Once upon a time, a very long time when I was maybe eleven years old, I cycled from Truro to Perranporth, about 10 miles. Sadly, I hadn’t realised how hot it was, had forgotten to take water with me so stopped at a farmhouse on the way to ask, very nicely as I was a well brought up child, if I could please have a drink of water. “No, clear off! ” was the response and I have never forgotten that moment. Today it’s a smart looking place that looks rather like a hotel.We lived in and around Perranporth for several years and today was a bit of a memory-jogger.
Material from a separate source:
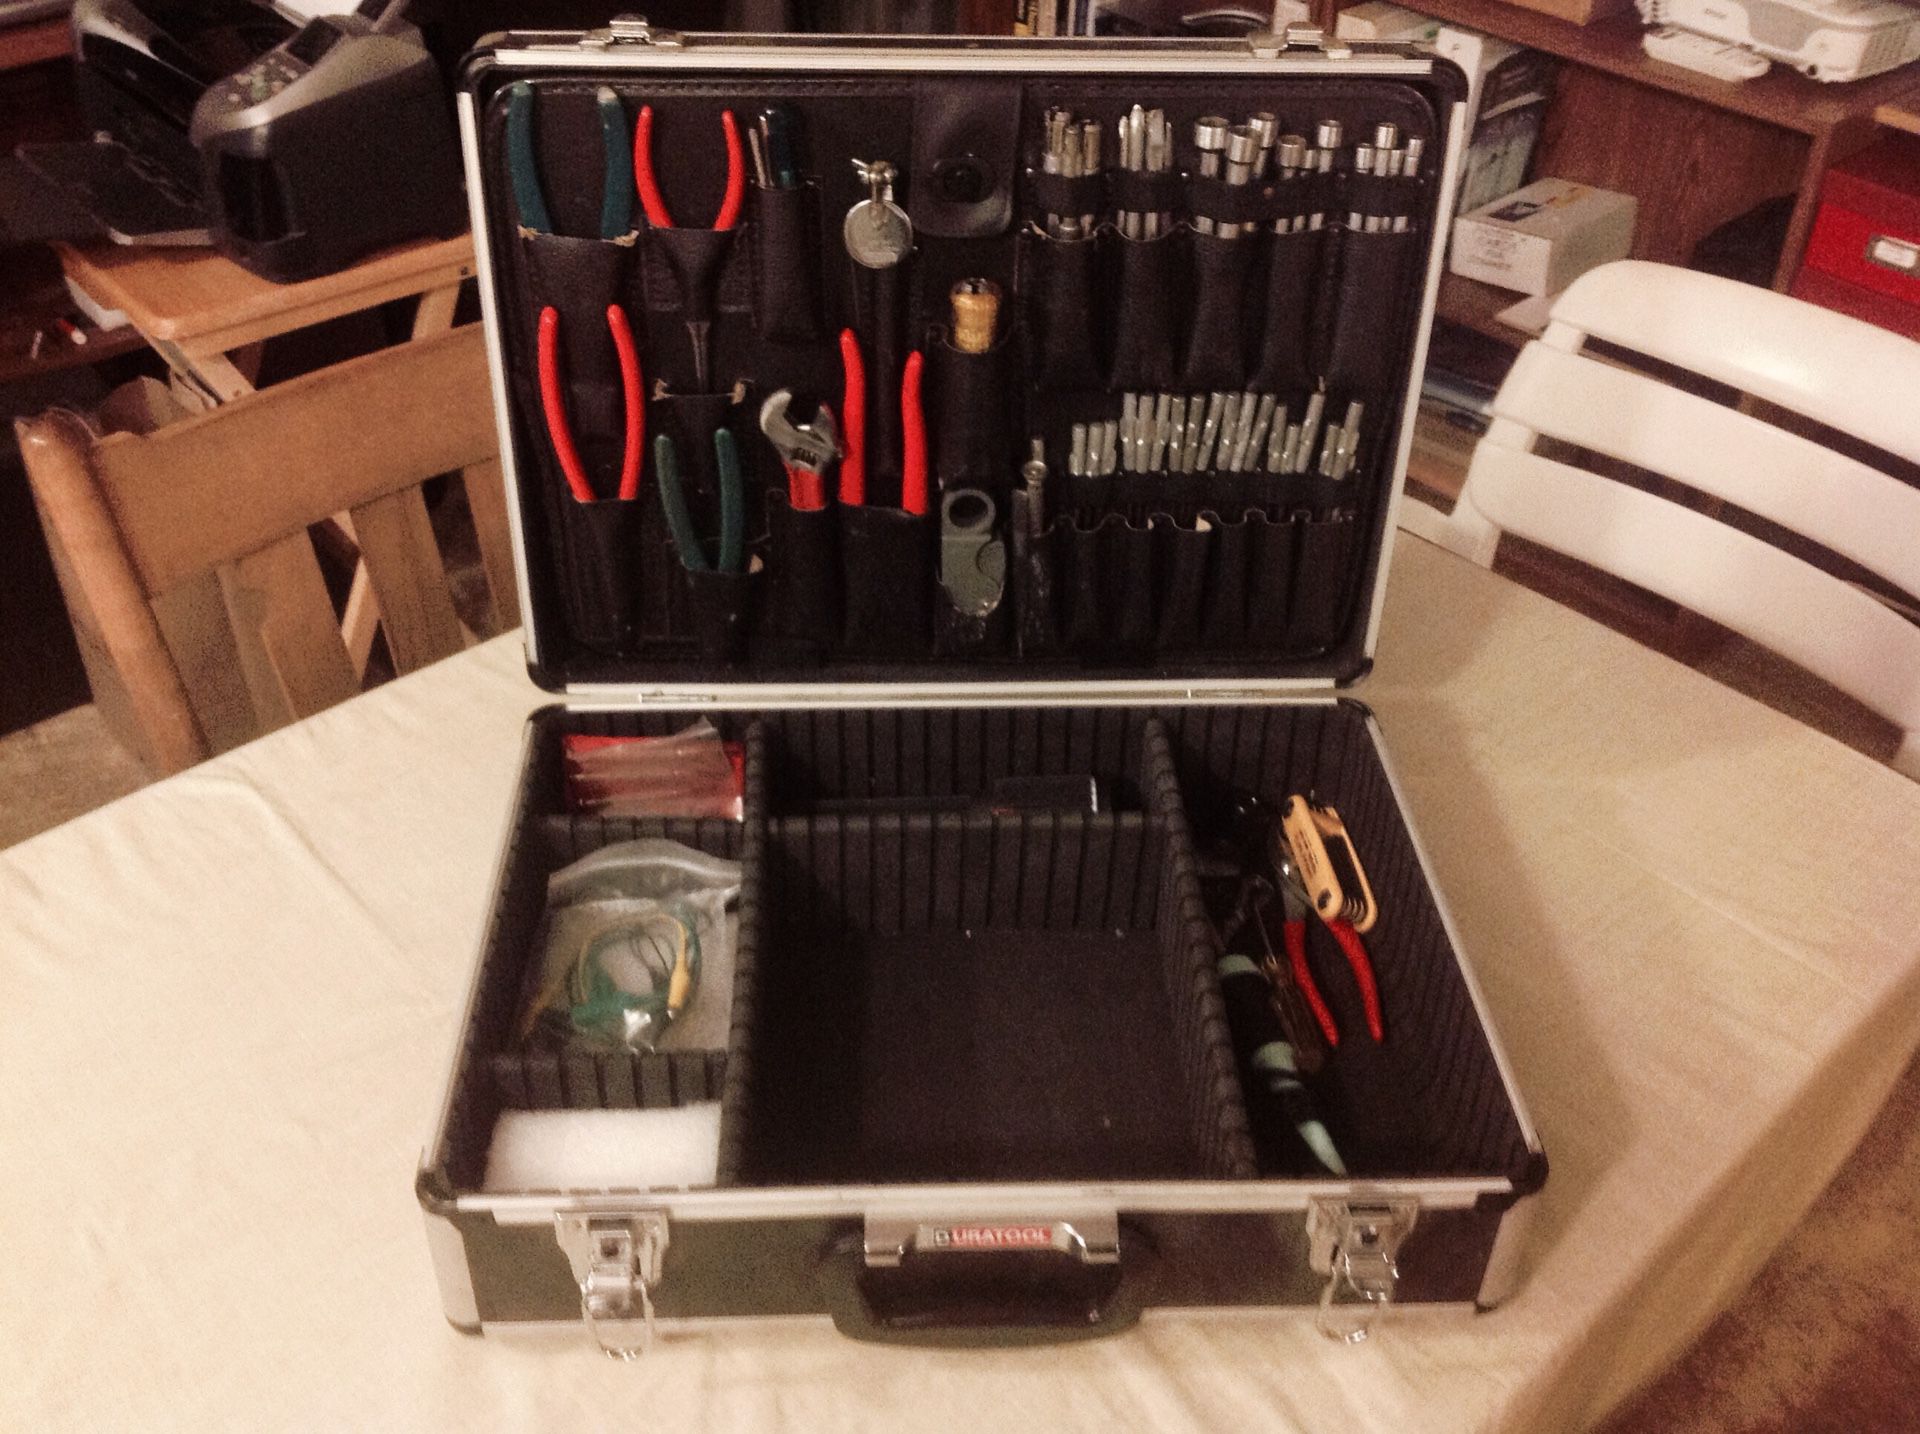 Aluminum tool case with tools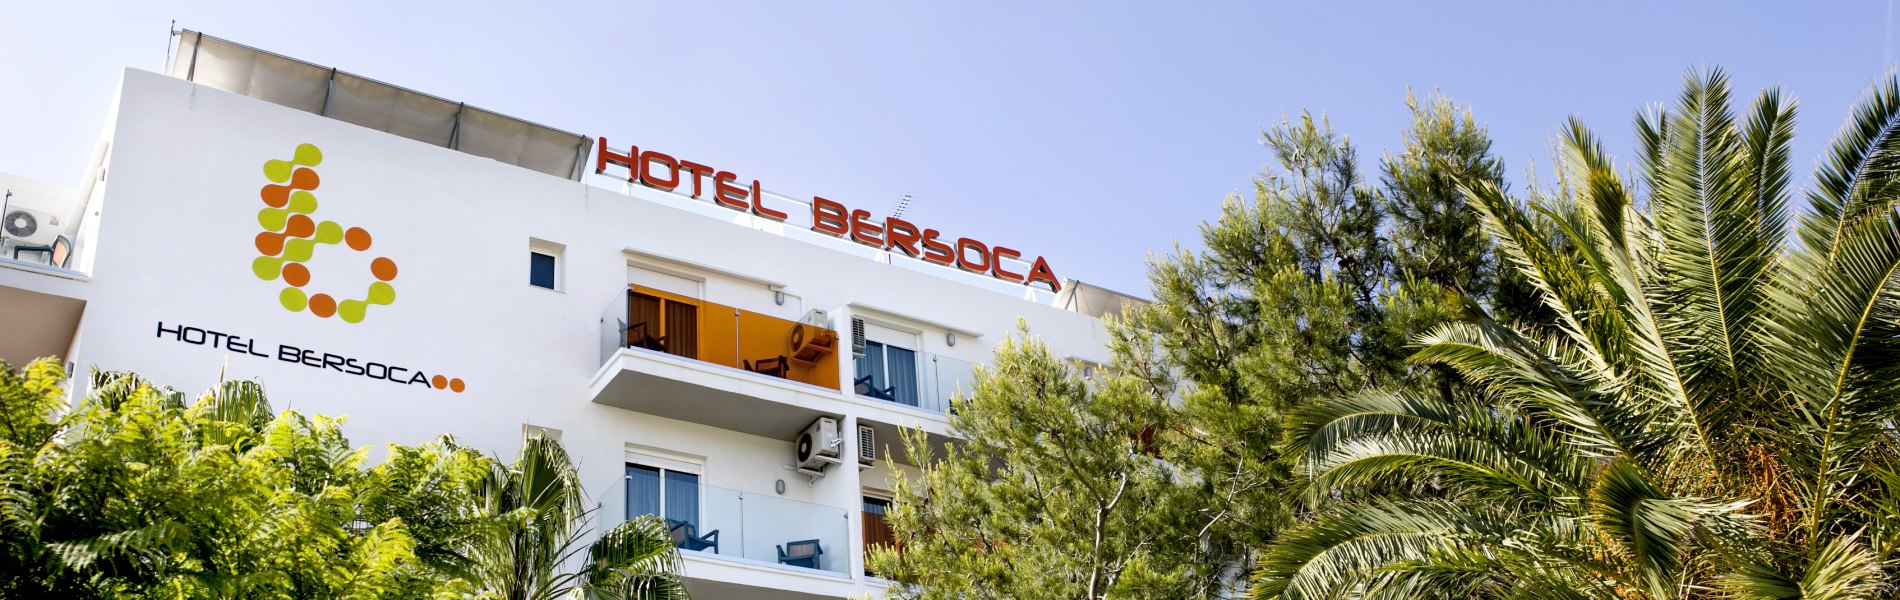 Hotel Bersoca  header

I loved the beach and still do.

One summer, when I was seven,  we lived in the ground floor flat of a lovely big house, one of the terrace at the top to the left of the picture.

Another summer, we spent in a caravan and a tent on the Liskey Hill campsite and I loved every moment.

 

International Women’s Day

The following are from my post for International Women’s Day 2021 with notes from today.

I have today as on each March 8th taken a little posy to our friend next door for her wedding anniversary and in memory of her lovely husband.

Toady, the Guardian has devoted their letters page to all women correspondents. This was my letter in 2021.

And, as ever, a call out to all the women in my life, to my daughters and LiveWires, to my friends both in person and my blogging pals and to those who help to make my life better – love to you all.